▶ [EXERCISE OBJECTIVE] A verbatim copy of the full data, with no pictures, is the expected answer.

▶ [SOURCE DATA]
******************************

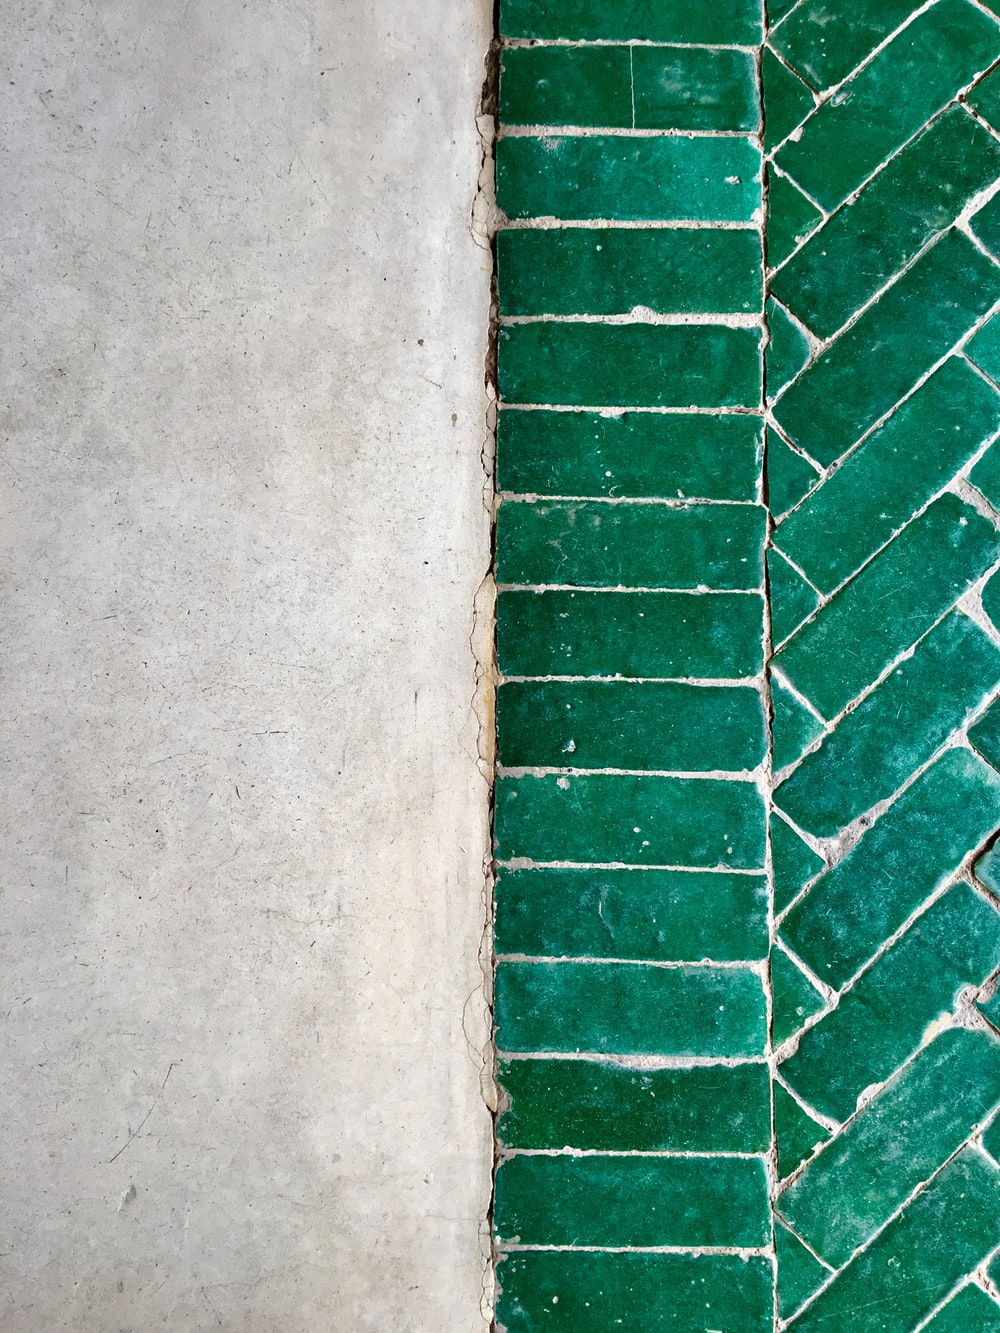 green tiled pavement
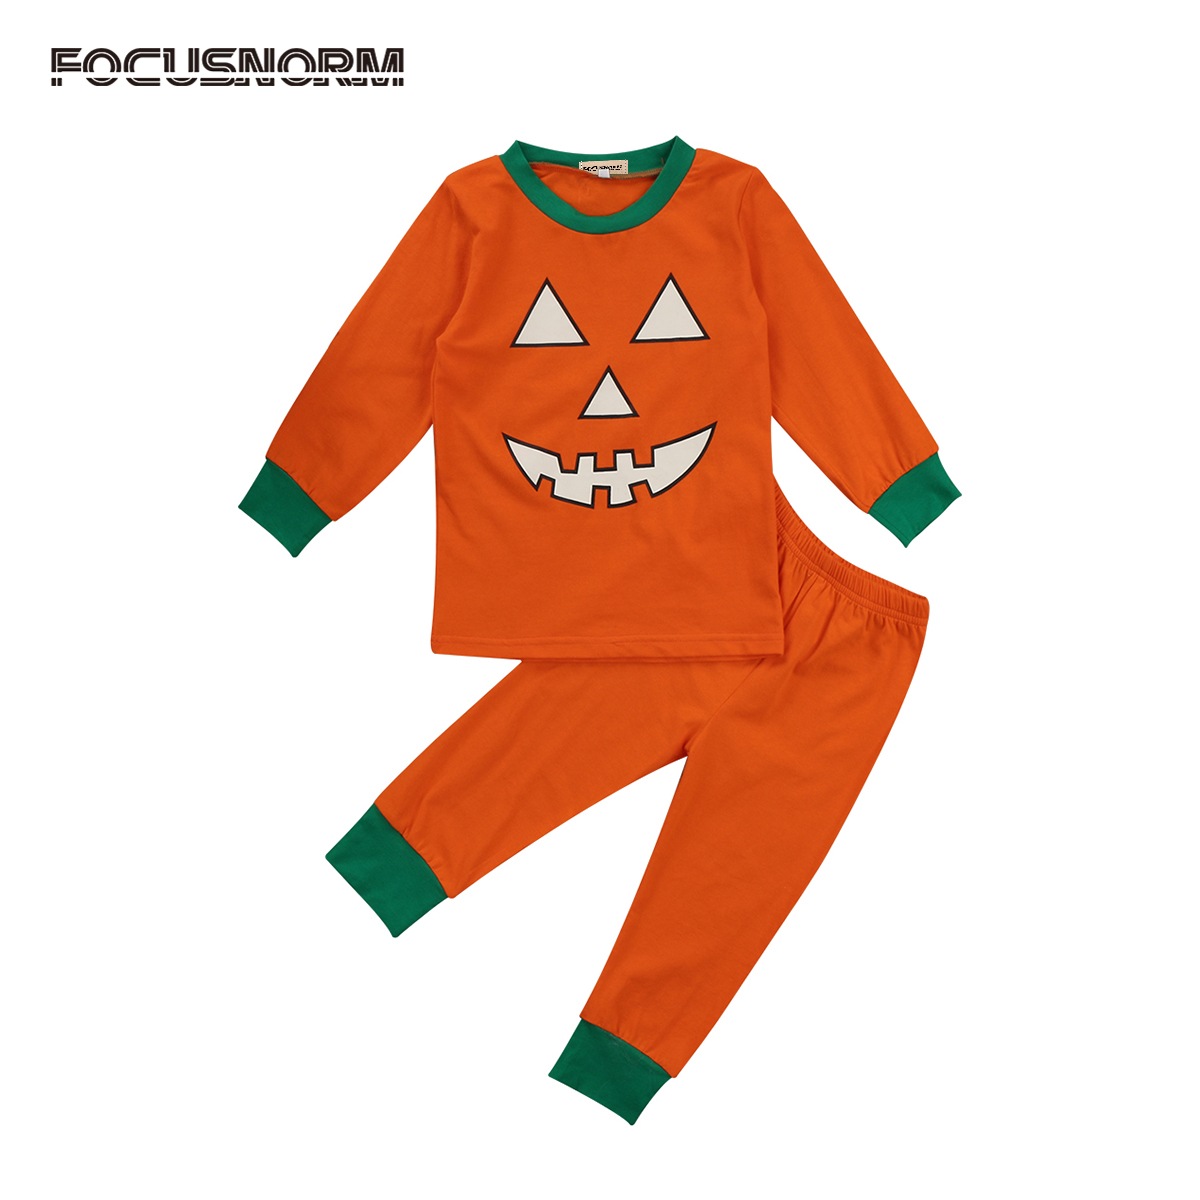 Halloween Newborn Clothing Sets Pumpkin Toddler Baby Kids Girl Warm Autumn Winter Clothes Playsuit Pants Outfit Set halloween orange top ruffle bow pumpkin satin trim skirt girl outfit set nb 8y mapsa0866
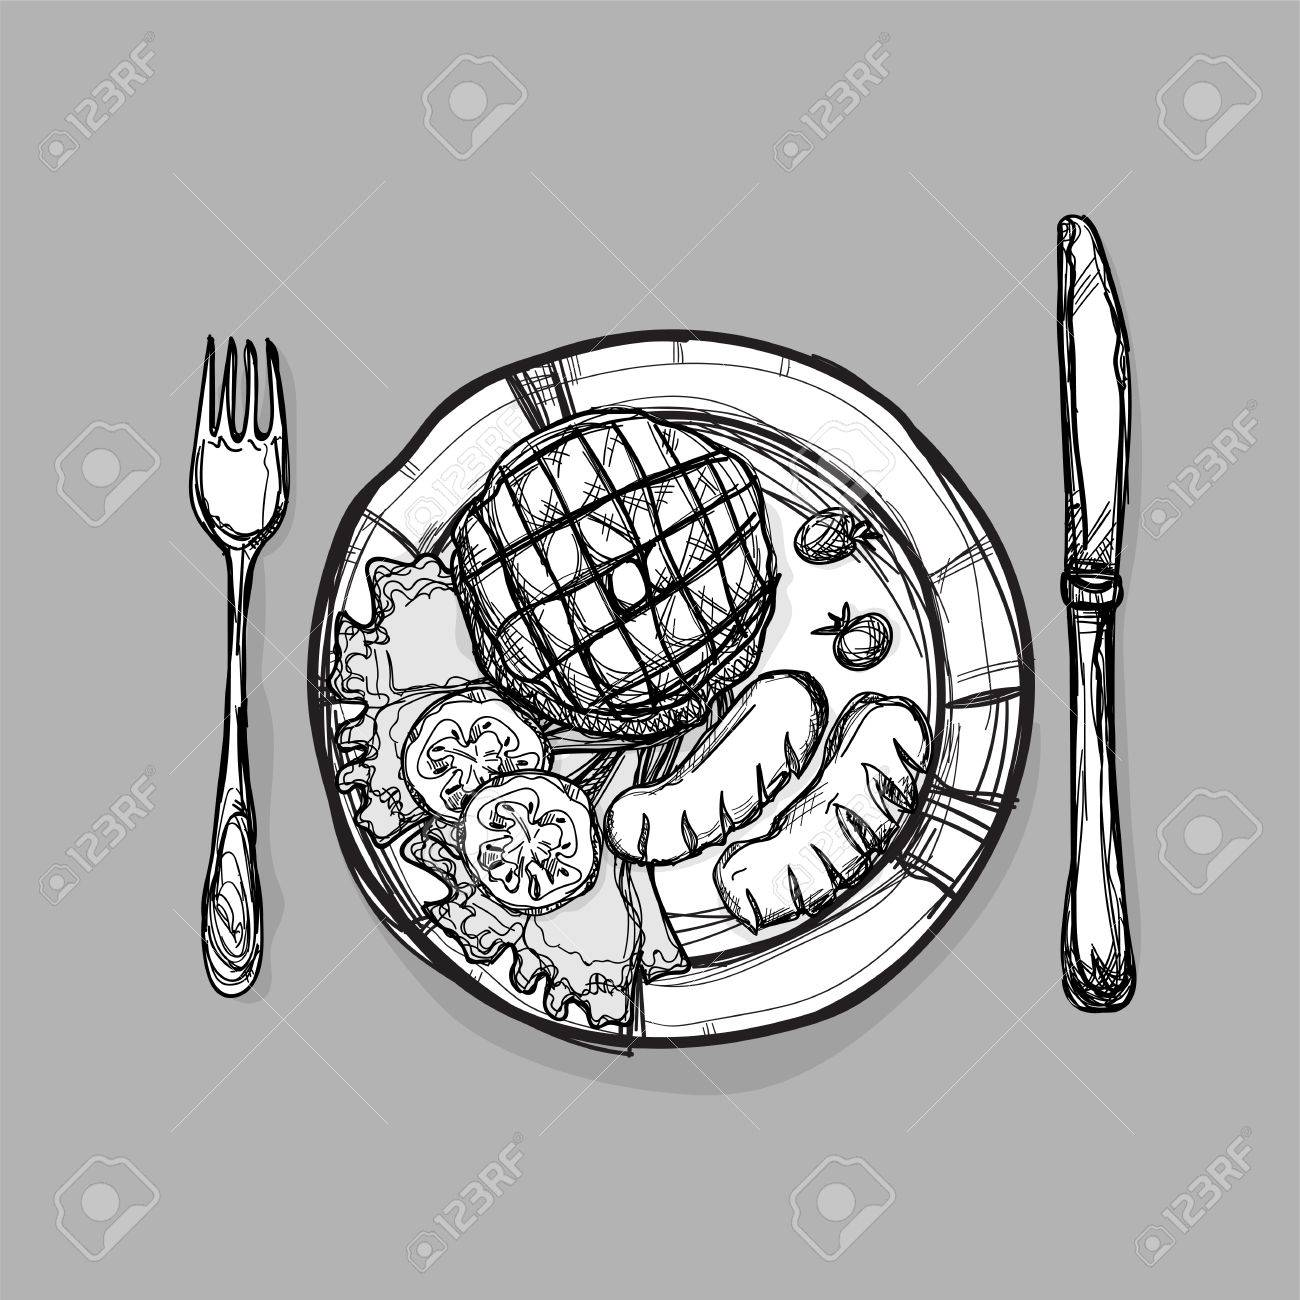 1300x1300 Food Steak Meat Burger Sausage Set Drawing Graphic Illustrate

******************************

▶ [WRITTEN SOLUTION]
 green tiled pavement
 Halloween Newborn Clothing Sets Pumpkin Toddler Baby Kids Girl Warm Autumn Winter Clothes Playsuit Pants Outfit Set halloween orange top ruffle bow pumpkin satin trim skirt girl outfit set nb 8y mapsa0866
 1300x1300 Food Steak Meat Burger Sausage Set Drawing Graphic Illustrate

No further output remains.